Wie diese Jungs kennen viele Brasilianer die Liebe zum Ball. Der Uruguayer Galeano schreibt darüber. Foto: Bastian Henning/Adveniat.
Wie diese Jungs kennen viele Brasilianer die Liebe zum Ball. Der Uruguayer Galeano schreibt darüber. Foto: Bastian Henning/Adveniat.

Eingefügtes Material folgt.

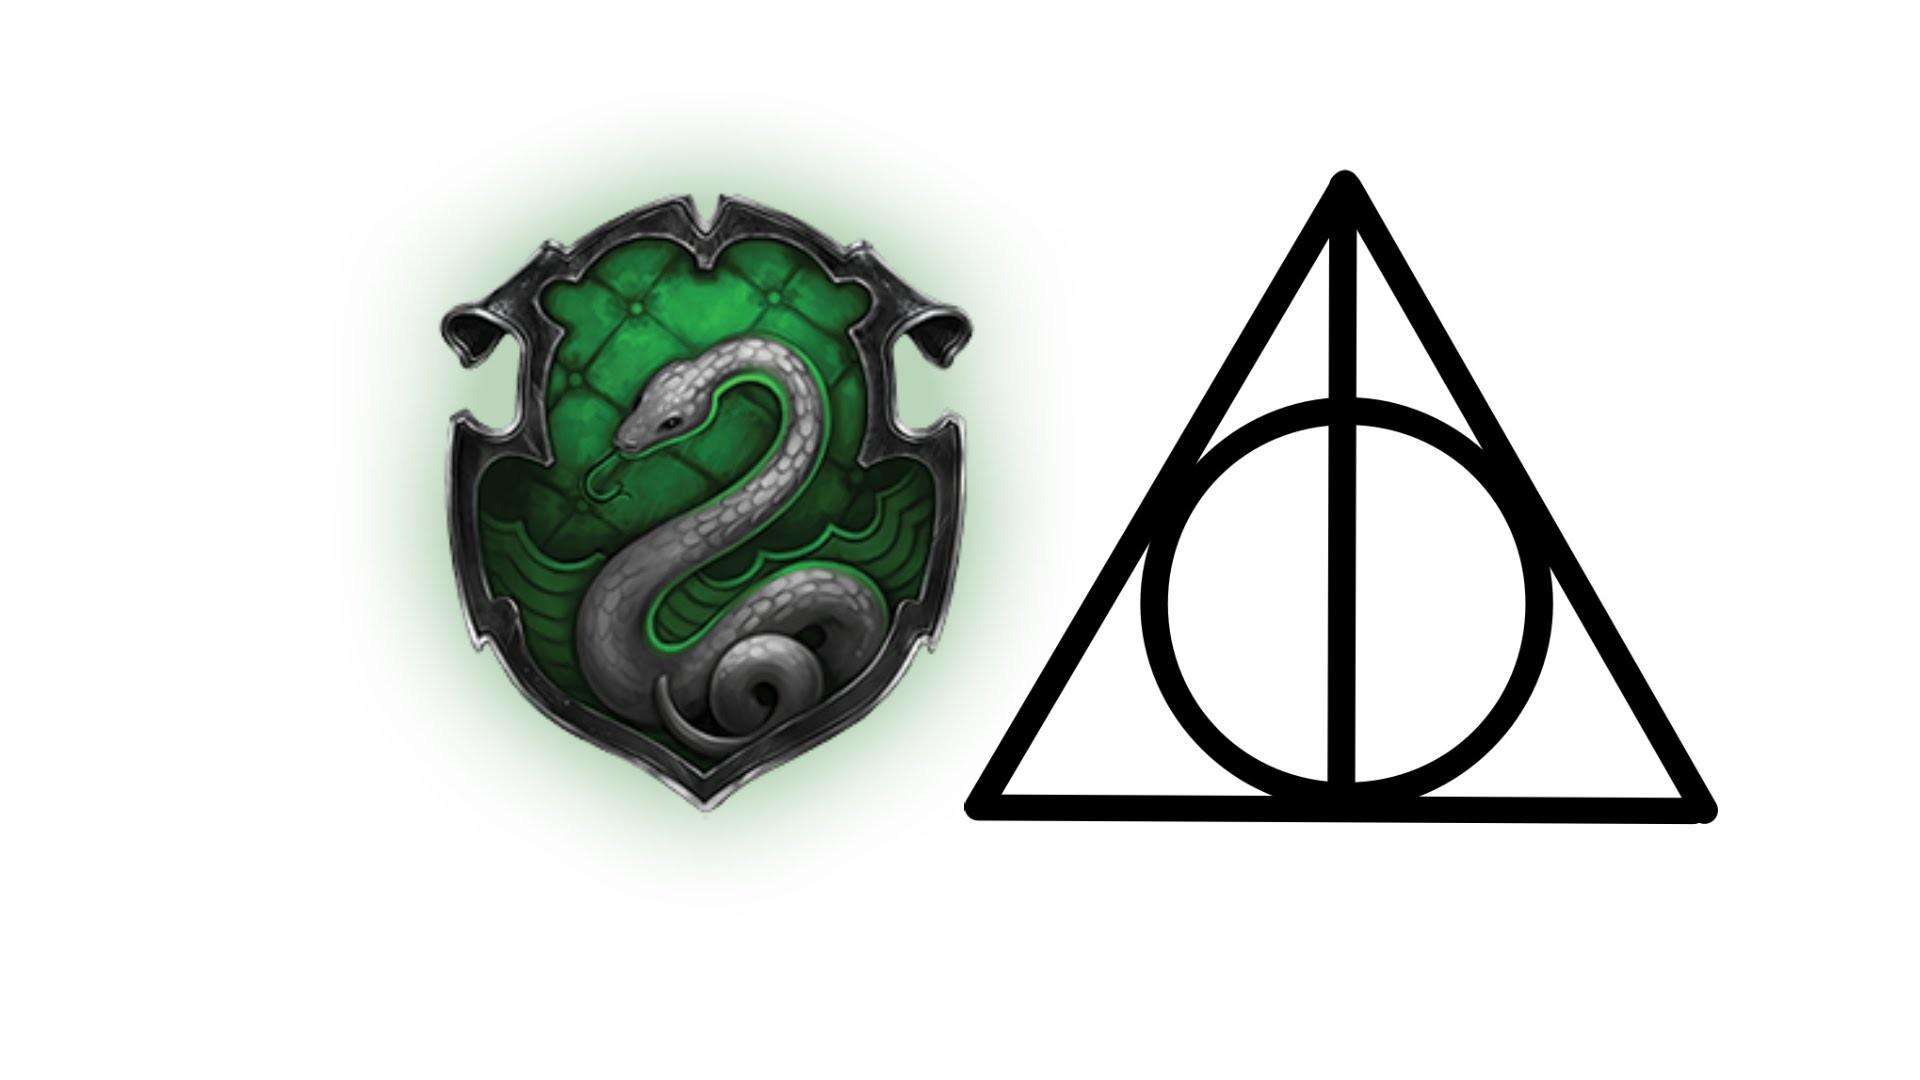 Minecraft Pixel Art Tutorial | Slytherin Deathly Hallows Logo (Harry Potter)

Es sind nur noch wenige Wochen bis zum Anpfiff der Fußballweltmeisterschaft in Brasilien, und zunehmend steht das Land im medialen Rampenlicht - nicht nur in der Tagespresse, sondern auch in Fachzeitschriften und Büchern.

Anlässlich des größten Sportevents in der Welt geht es darin auch um den eigentümlichen Fußball des Landes. Brasilien ist schließlich nicht nur fünffacher Weltmeister und mit dem "futebol arte" Ursprungsort einer ausgesprochen kunstfertigen Spielweise, sondern der Fußball gilt hier auch als nationales Ritual - als eine Form, in der sich die Menschen eine Geschichte über sich selbst erzählen und Mythen im Sinne einer "invention of tradition" (E. J. Hobsbawm) entwerfen.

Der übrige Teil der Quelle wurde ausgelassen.